Il n’y a pas de doute : le mouvement autrichien est émané d’abord du parti socialiste. Les premiers, dès le 3 octobre 1918, les représentants ou les délégués des travailleurs allemands d’Autriche, ont réclamé « la réunion de tous les territoires allemands d’Autriche en un État de l’Autriche allemande qui réglera d’après ses besoins ses rapports avec les autres nationalités d’Autriche et avec l’Empire allemand. » La seconde, dès le 15 octobre, l’Arbeiter Zeitung écrivait : « Nous ne resterons pas isolés, si les autres peuples de la Monarchie ne veulent pas de commerce avec nous ; par delà la frontière demeurent 60 millions d’Allemands. Ne courons donc pas après les autres peuples. » Troisièmement, le 21, à la séance d’ouverture de l’Assemblée nationale provisoire, après que le président Waldner eut adressé un « salut à l’Autriche allemande, » Victor Adler en personne prôna une association des peuples, un Volkerbund, avec les États voisins, s’ils le veulent bien. S’ils se dérobent, s’ils posent des conditions incompatibles avec la dignité du peuple allemand d’Autriche, celui-ci se verra contraint de s’annexer comme État fédéral particulier (Sonderbundesstaat) à l’Empire allemand. « Nous réclamons, s’écriait Adler, pour l’État de l’Autriche allemande la pleine liberté d’opter entre ces deux éventualités. »
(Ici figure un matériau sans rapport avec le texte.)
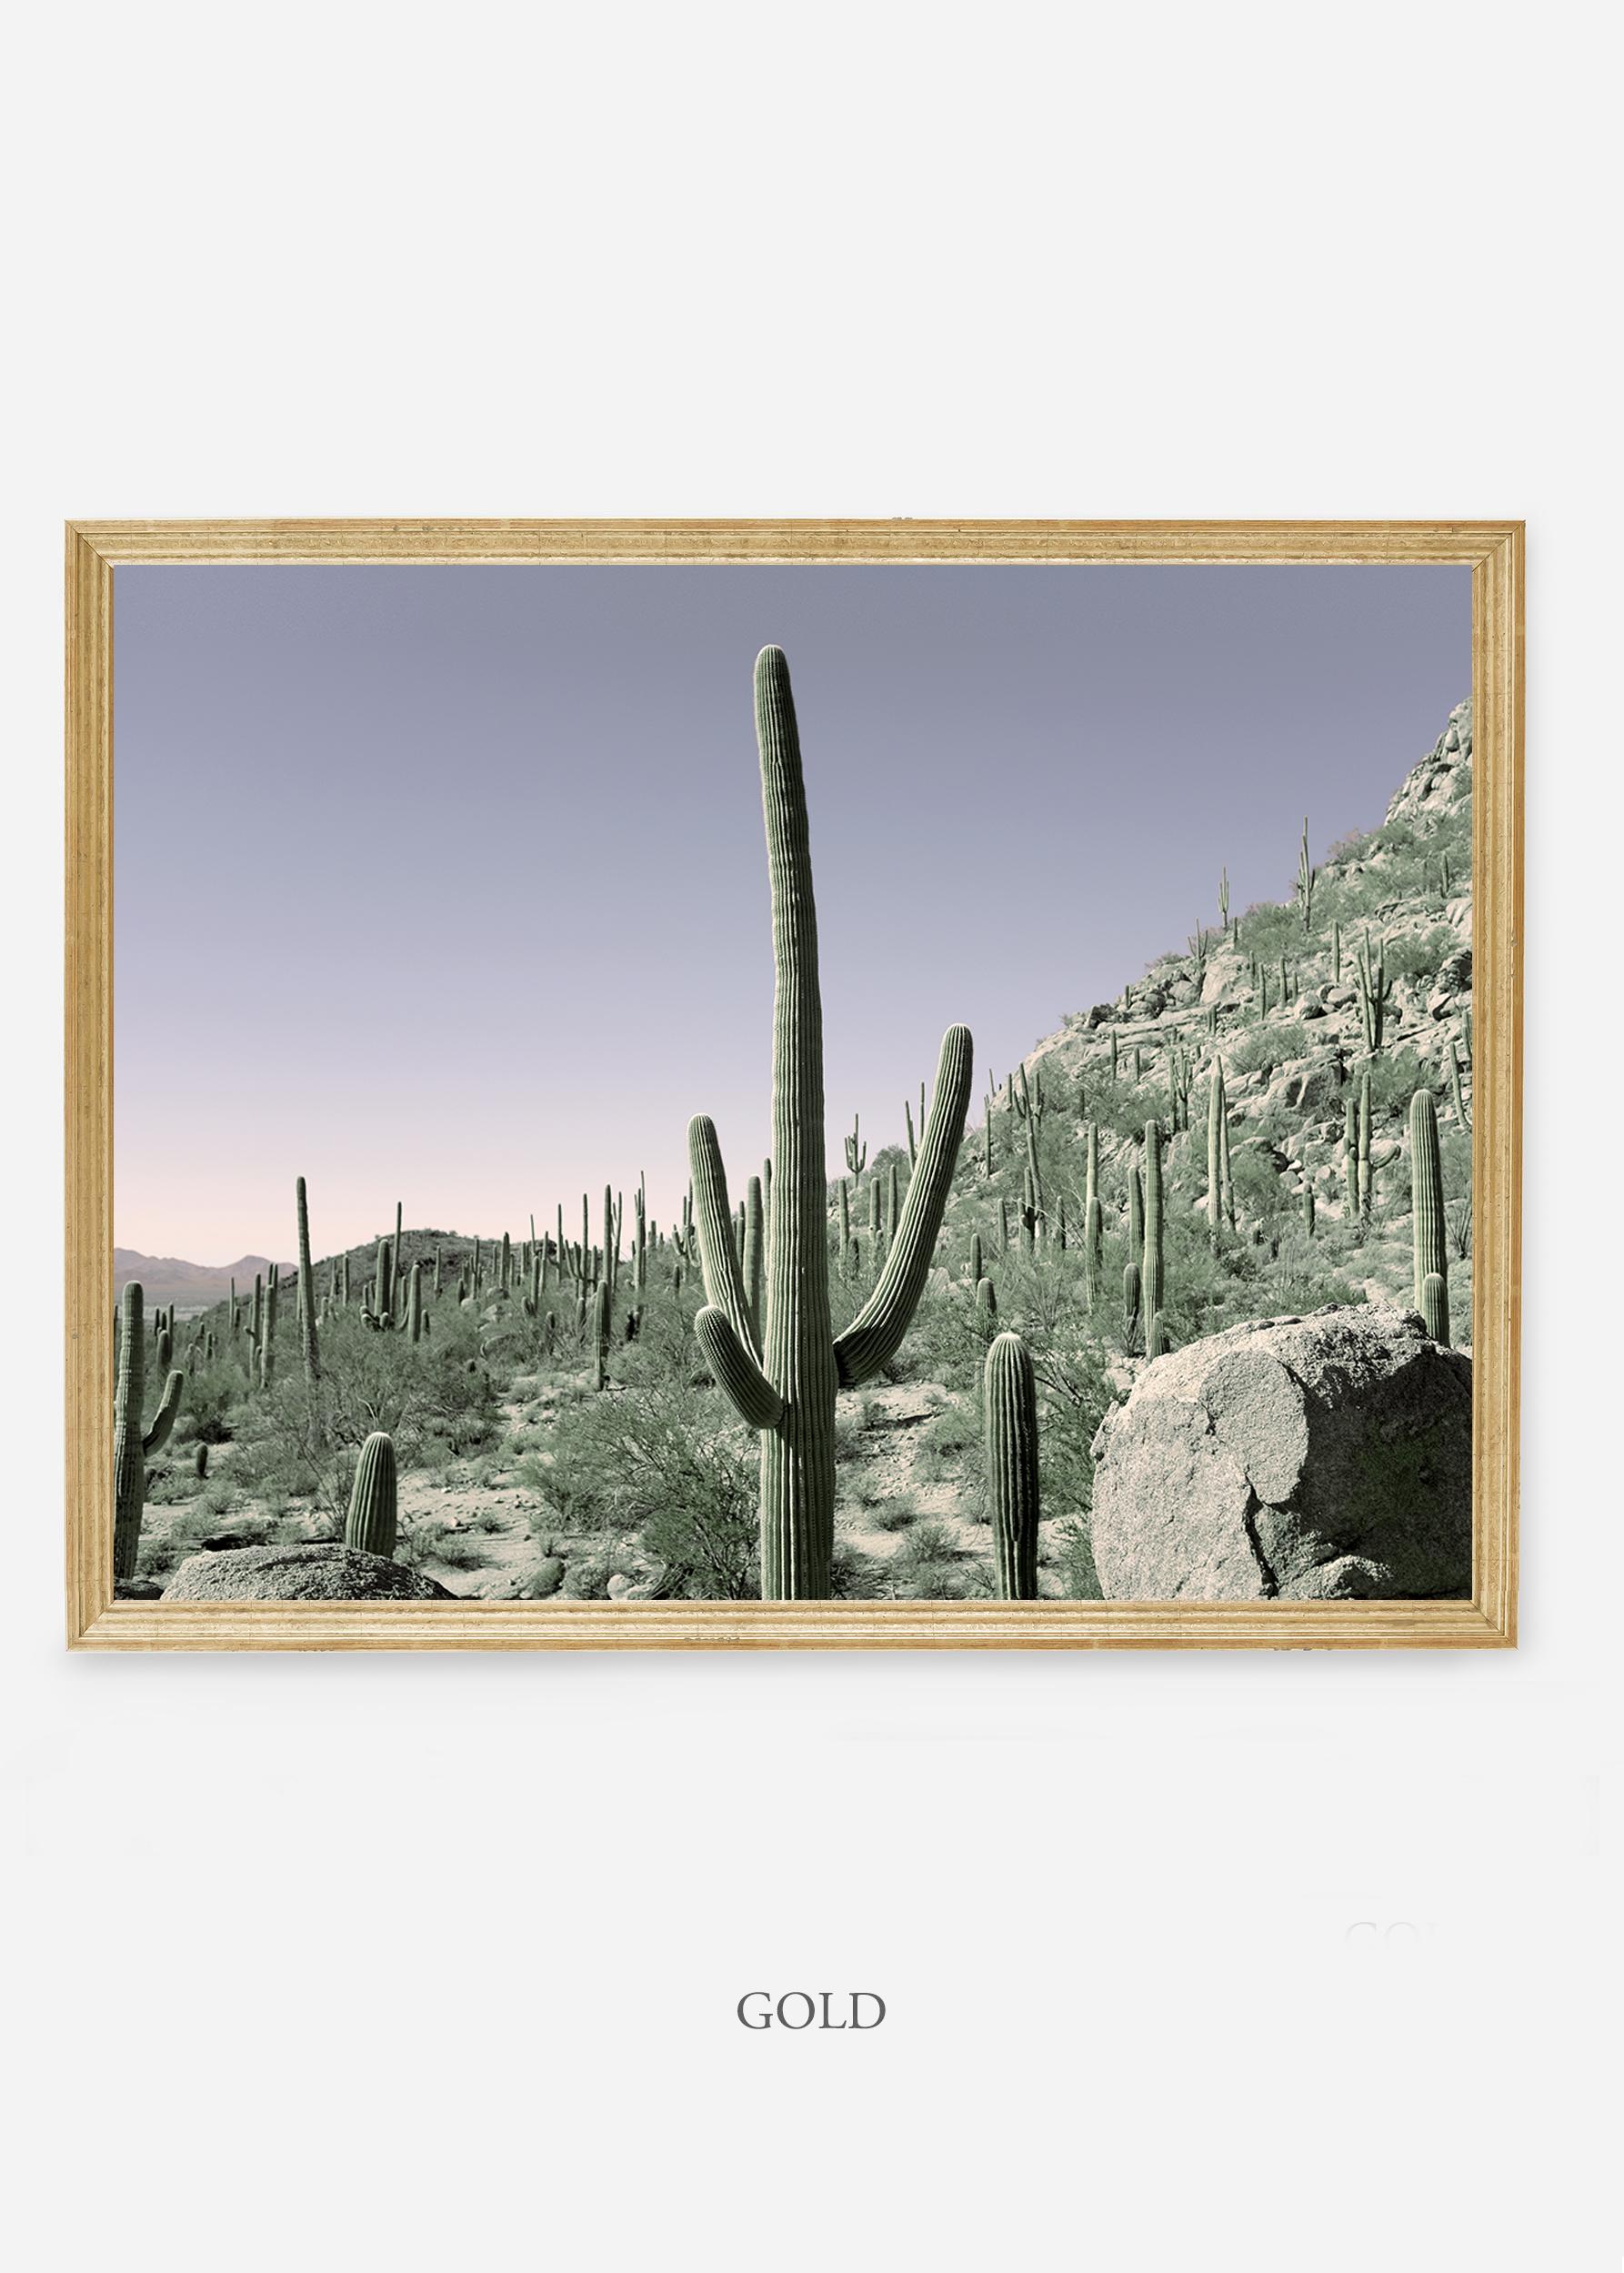 nomat-goldframe-saguaroNo.13-wildercalifornia-art-wallart-cactusprint-homedecor-prints-arizona-botanical-artwork-interiordesign.jpg
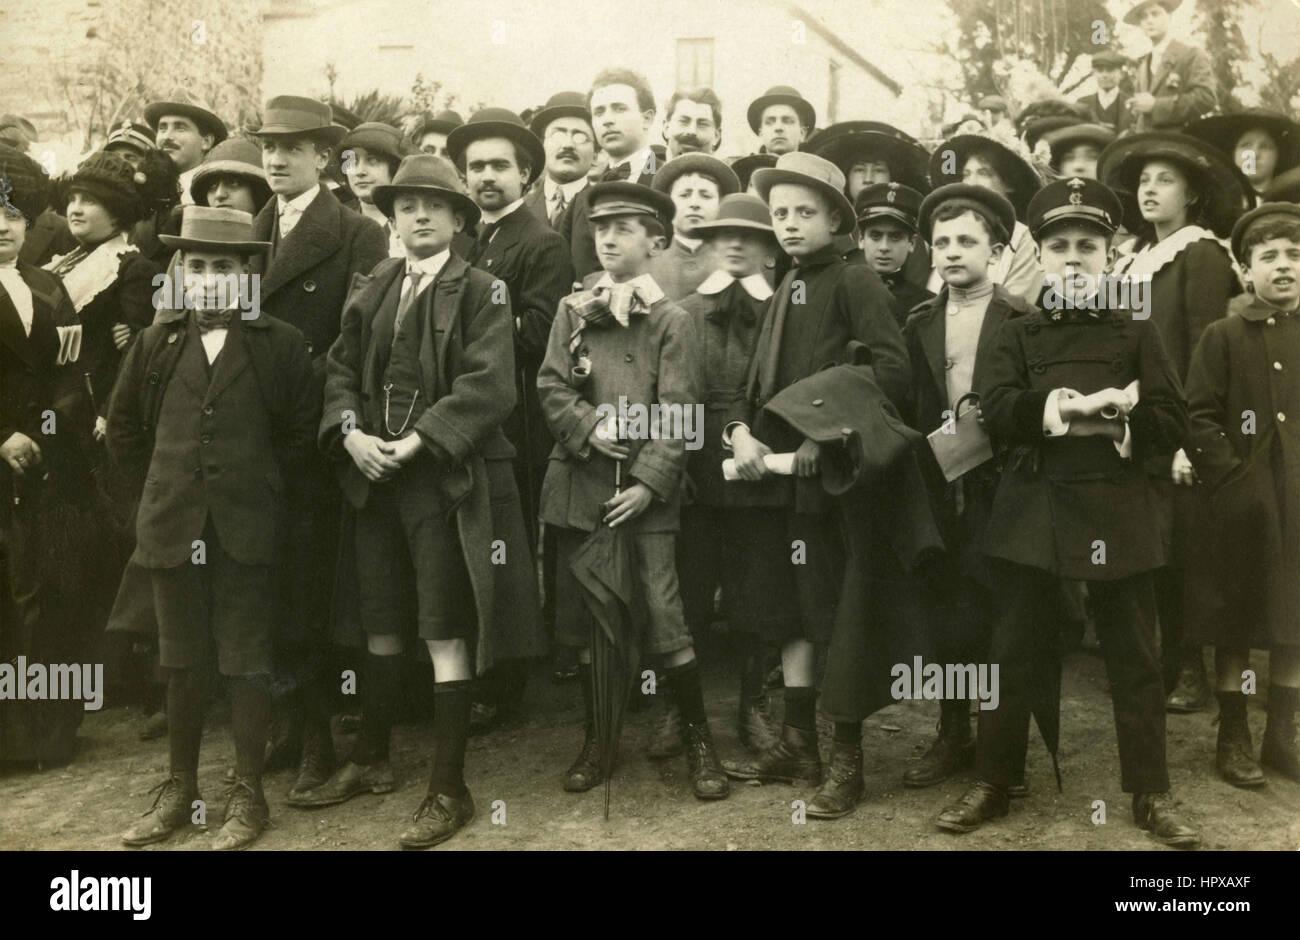 Elegant children at a gathering, Italy 1915 - Stock Image

Cependant, à la fin d’octobre, l’État de l’Autriche allemande s’organise. L’Assemblée nationale provisoire s’arroge le pouvoir suprême. Elle confie « le pouvoir gouvernemental et exécutif » à un Comité pris dans son sein, qui portera le titre de Conseil d’État de l’Autriche allemande. Elle crée un Chancelier d’État et quatorze secrétariats d’État correspondant aux anciens ministères. Dans cette ébauche de constitution, elle arrange tout, combine tout, mais ne définit pas « le caractère » de l’État, On propose seulement que ce soit un État libre (Freistaat), libre même d’aliéner sa liberté.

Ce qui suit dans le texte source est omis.